First-half 2013 sales


  • Sales: 11.7 billion euros  

    • +6.4% excluding currency fluctuations 

    • +5.4% like-for-like 

    • +4.7% based on reported figures 

  • Further market share gains in Western Europe and North America 

  • Strong growth in the New Markets 

  • Dynamism of the Group's major brands 
  • Confidence in a further year of sales and profit growth 

Commenting on the figures, Mr Jean-Paul Agon, Chairman and CEO of L'Oréal, said: 

"Although market growth has been slightly slowing down, L'Oréal continued to demonstrate its good dynamics and recorded a solid first half. Each division and zone is growing and outperforming its market.

The Consumer Products Division and L'Oréal Luxe are growing strongly, driven by L'Oréal Paris, Garnier, Lancôme, Giorgio Armani and Kiehl's. The Professional Products Division, still held back by a difficult market, is picking up slightly. The Active Cosmetics Division is performing very well, particularly in Western Europe, while accelerating its international roll-out.

The trends of the Group's flagship brands are favourable, and more than ever before, our major product initiatives are really making a difference. They are enabling significant breakthroughs in Western Europe and North America. And in the New Markets, the four regions are achieving strong growth and are contributing to improve our positions.

In view of these dynamics, we remain confident in our ability to achieve another year of growth in both sales and profits."

A - First-half 2013 sales

Like-for-like, i.e. based on a comparable structure and identical exchange rates, the sales growth of the L'Oréal group was +5.4%.
The net impact of changes in consolidation was +1.0%.
Currency fluctuations had a negative impact of -1.7%. If the exchange rates at June 28th, 2013, i.e.
€1 = $1.308, are extrapolated up to December 31st, the impact of currency fluctuations on sales would be approximately -2.8% for the whole of 2013.
Growth at constant exchange rates was +6.4%.
Based on reported figures, the Group's sales at June 30th, 2013 amounted to 11.738 billion euros, an increase of +4.7%.

Sales by operational division and geographic zone

2nd quarter 2013 1st half 2013
Growth Growth
€m Like-for-like Reported €m Like-for-like Reported
By operational division
Professional Products 779.3 2.7% 1.5% 1,531.8 1.4% 0.6%
Consumer Products 2,802.2 6.1% 4.7% 5,723.0 6.3% 5.1%
L'Oréal Luxe 1,404.7 5.5% 5.1% 2,826.8 6.4% 6.6%
Active Cosmetics 409.5 8.6% 7.2% 907.1 7.8% 6.6%
Cosmetics total 5,395.7 5.6% 4.5% 10,988.7 5.7% 4.9%
By geographic zone
Western Europe 1,908.5 1.7% 1.3% 3,899.0 1.7% 1.6%
North America 1,371.7 4.5% 4.9% 2,743.2 5.4% 6.7%
New Markets, of which: 2,115.4 10.3% 7.3% 4,346.6 9.9% 7.0%
      -   Asia, Pacific 1,051.8 8.2% 4.5% 2,240.2 8.0% 5.1%
      -   Latin America 507.7 15.2% 13.2% 966.3 13.5% 9.6%
      -   Eastern Europe 355.4 7.5% 5.1% 745.1 8.4% 6.7%
      -   Africa, Middle East 200.6 15.1% 12.8% 394.9 15.1% 12.3%
Cosmetics total 5,395.7 5.6% 4.5% 10,988.7 5.7% 4.9%
   The Body Shop 186.9 -0.8% -3.4% 368.8 0.5% -1.4%
   Dermatology(1) 223.9 0.8% 4.2% 380.6 0.3% 3.3%
Group total 5,806.5 5.2% 4.2% 11,738.1 5.4% 4.7%


(1) Group share, i.e. 50%.


1) Cosmetics sales


The Professional Products Division recorded growth of +1.4% like-for-like and +0.6% based on reported figures.
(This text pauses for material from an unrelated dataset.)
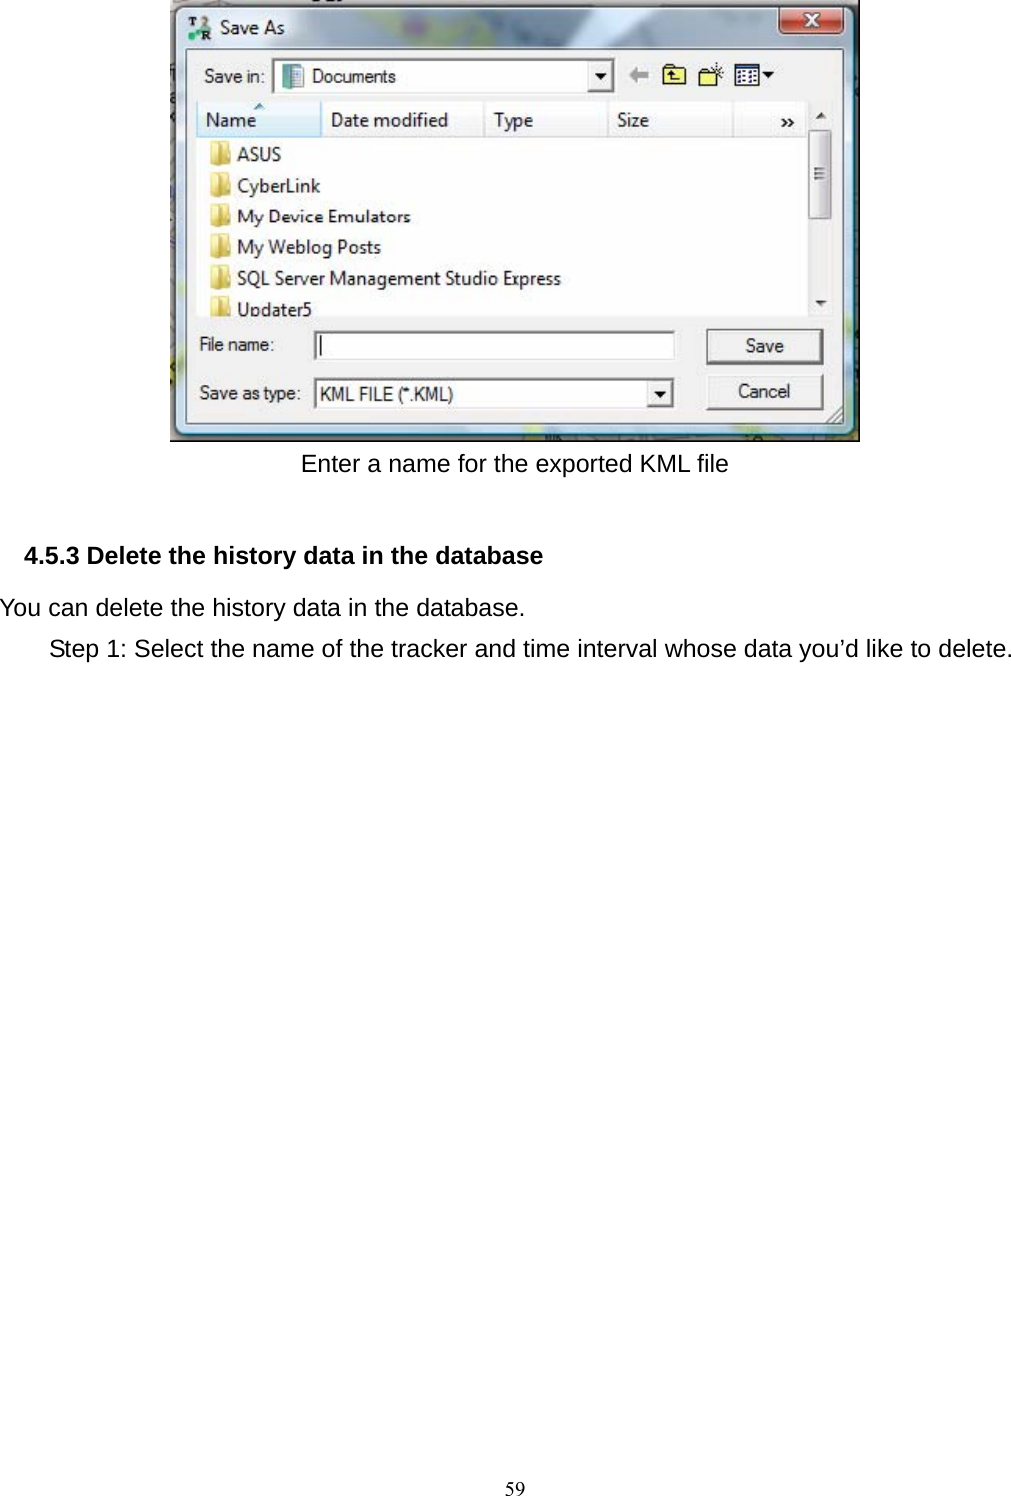  Enter a name for the exported KML file  4.5.3 Delete the history data in the database You can delete the history data in the database. Step 1: Select the name of the tracker and time interval whose data you’d like to delete.     59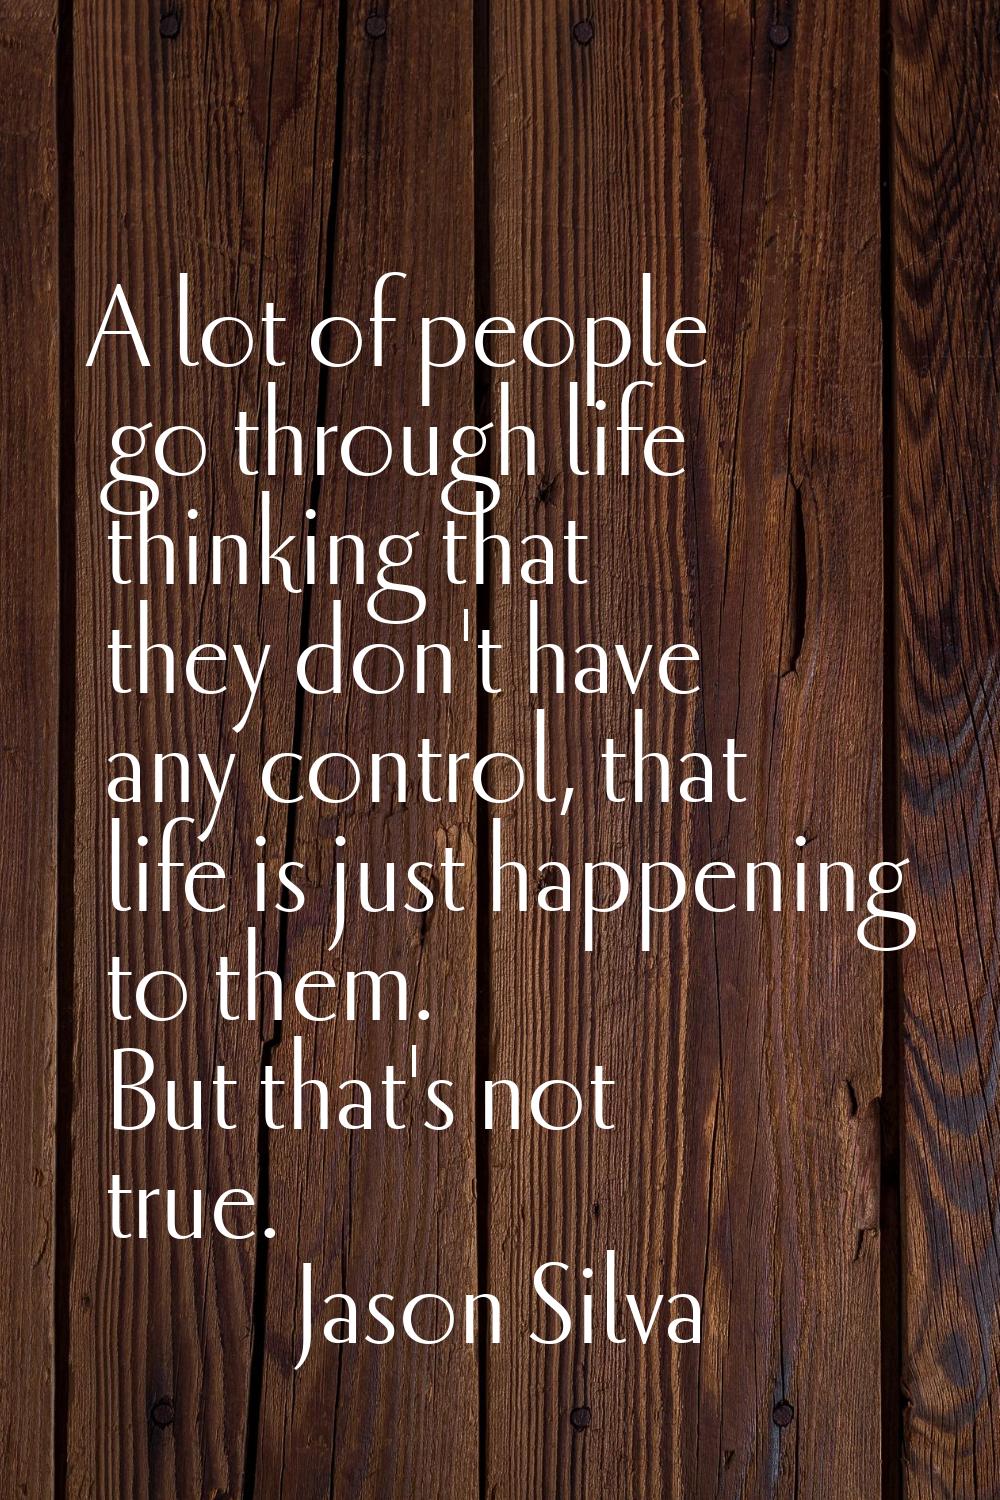 A lot of people go through life thinking that they don't have any control, that life is just happen

The mature markets are still proving difficult, particularly in southern Europe, while the Division continues to be dynamic in the New Markets and is actively pursuing its policy of recruiting new salons. 

  • In the luxury haircare segment, Kérastase, which is growing strongly, is introducing a new category - "Couture Styling" - with Kate Moss as its ambassador. Haircare sales are growing, driven by hair oils and the launch of Biolage Advanced by Matrix in the United States. In hair colourants, the revolutionary ODS2 technology is now being rolled out across the Division's three major brands (L'Oréal Professionnel, Matrix and Redken).
    Essie professional nail care products are continuing their development. 

  • The Division, which remains strongly exposed to mature markets, did however improve its positions in the second quarter. In the New Markets excluding Japan, all the zones are continuing to grow strongly, particularly in Russia, Brazil, India, Indonesia and Africa, Middle East.  


The Consumer Products Division posted sales growth of +6.3% like-for-like and +5.1% based on reported figures, and is continuing to gain market share thanks to the substantial progress achieved by its major brands and major product initiatives.

  • L'Oréal Paris is gaining momentum, thanks in particular to the successful globalisation of Elvive. In facial skincare, Revitalift Laser is building on its success, while the hair colourants category is receiving a boost from Préférence Mousse Absolue and Préférence les Ombrés.
    At Garnier, the success of Olia, now being rolled out worldwide, is contributing to the strong growth of the hair colourant category. In haircare, Fructis is returning to positive growth and Ultra-Doux is continuing its very solid sales growth.
    Maybelline is confirming its appeal among the younger generation with the worldwide success of Baby Lips, and the launch of Color Show in the nail varnish segment.

  • The Division is well oriented and records particularly significant market share gains in Western Europe, North America, and Latin America. 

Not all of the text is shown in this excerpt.